A unified opposition would have a better chance at knocking down the United Russia party from its seats. The public’s dissatisfaction over Russia under the Kremlin’s control, the corruption of past and current elections alike, and the activists that encouraged voting to stop United Russia candidates from winning did help cause the loss of a third of the party’s seats. While the party was more successful in elections outside of the capital, Eleanor Bindman at Manchester Metropolitan University does suggest that the performance of activist and political opposition alike showed they were “capable of working together,” giving them “the opportunity to prove themselves at the local level.” With two years of planning for the 2021 parliamentary elections, dissenters could create plans and mobilize a stronger opposition with a greater chance at costing United Russia more seats. Spreading dissent through social media, or any other facets that are easier to maneuver to combat the state-controlled media, for example, may help prevent United Russia from regaining any popularity for upcoming elections. The emphasis needs to be placed on diminishing the party’s presence in order to limit the authoritarian control Putin has. This will be especially beneficial as this presidential term is Putin’s last. By ensuring that United Russia has less of a political stronghold, then the Russian people can prevent the 2024 presidency from falling back into Putin’s control—either directly or by proxy—through duplicitous and unconstitutional means.

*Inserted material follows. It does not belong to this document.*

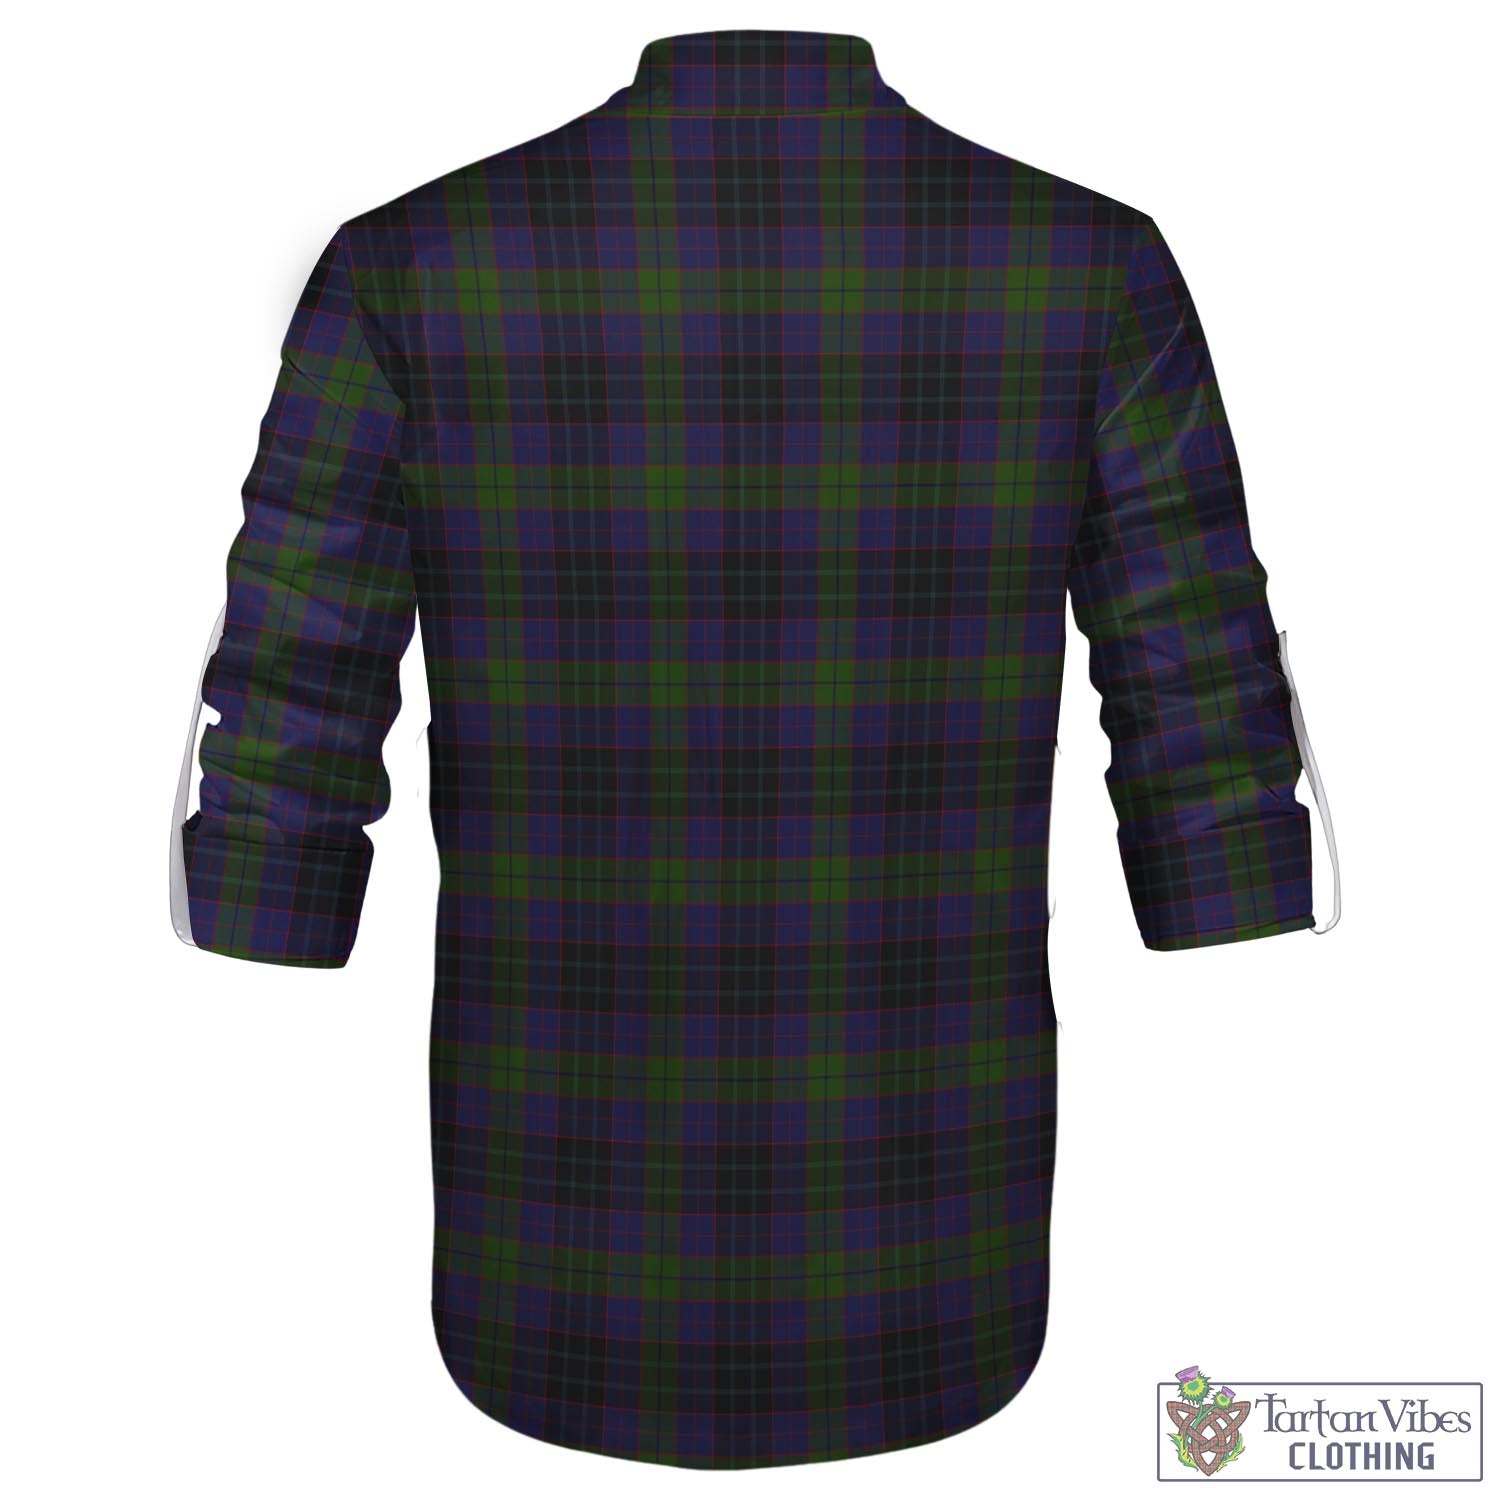 Tartan Vibes Clothing Lumsden Hunting Tartan Men's Scottish Traditional Jacobite Ghillie Kilt Shirt with Family Crest

There also needs to be a united international front against the Kremlin’s blatant disregard for human rights and freedom in addition to these local alliances. Trump wanting to reinstate Russia into the G7, for example, despite the nation being suspended following the annexation of Crimea is a complete dismissal of the country’s corruption. Diminishing Putin’s power on an international scale is much more difficult when the U.S. president perceives him as an ally and often praises and vouches for the Russian president in spite of his many controversies. While most Western countries criticize the Kremlin for its brutal track record, it is hard to delegitimize Putin’s authority when it has the support of such a powerful figure. There has to be an international consensus towards actively criticizing the Putin administration, placing sanctions, and/or funding human rights groups and political opponents within the country to continue actively combating the authoritarian regime. There is no guarantee that United Russia and Putin’s can easily be lessened in time for the parliamentary election nor the 2024 presidential election, but it is important for activists on the national and international front alike to work together to prevent further corruption.